Scientists offer £1,000 prize for answer to the question: Why does hot water freeze faster than cold?
Marble bust of Aristotle. Roman copy after a Greek bronze original by Lysippus c. 330 BC. The alabaster mantle is modern.
The Royal Society of Chemistry is offering a £1,000 prize to anyone who can crack this age-old ice puzzle.Here we are two thousand years after Aristotle and we are still looking for answer to the question: Why does hot water freeze faster than cold?
Know as the Mpemba effect, The Royal Society of Chemistry has decided enough is enough. In an attempt to solve the problem once and for all they are asking the public to come up with a convincing explanation.
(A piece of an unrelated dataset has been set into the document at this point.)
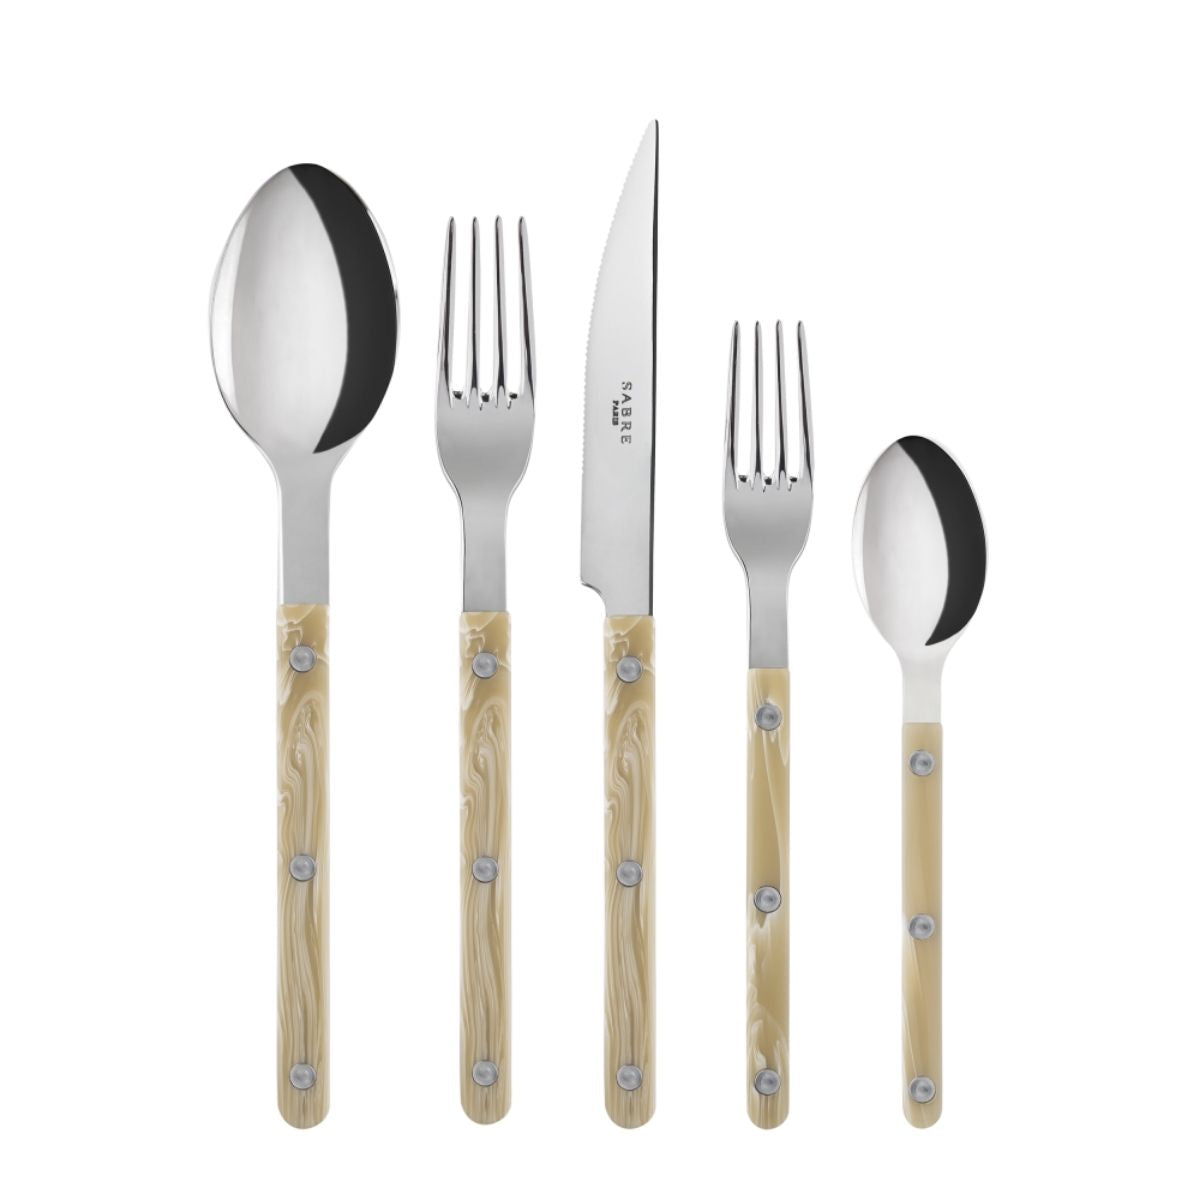 Sabre Bistrot Matieres 5 Piece Place Setting - Shiny Finish Horn

The person with a convincing solution to the problem of, “why does hot water freeze faster than cold” will win a cash reward of £1000 for their answer.
The Royal Society of Chemistry are asking anyone who thinks they can crack this age-old ice puzzle to go to the Hermes website, where they can submit their theory.
The deadline for public entries is 30 July 2012, because hard on the public’s heels will be a bunch of the world’s acutest postgraduate scientists who, sponsored by the Royal Society of Chemistry, will be attacking the same problem while locked in a posh hotel in Windsor Great Park during the first week of the Olympic Games.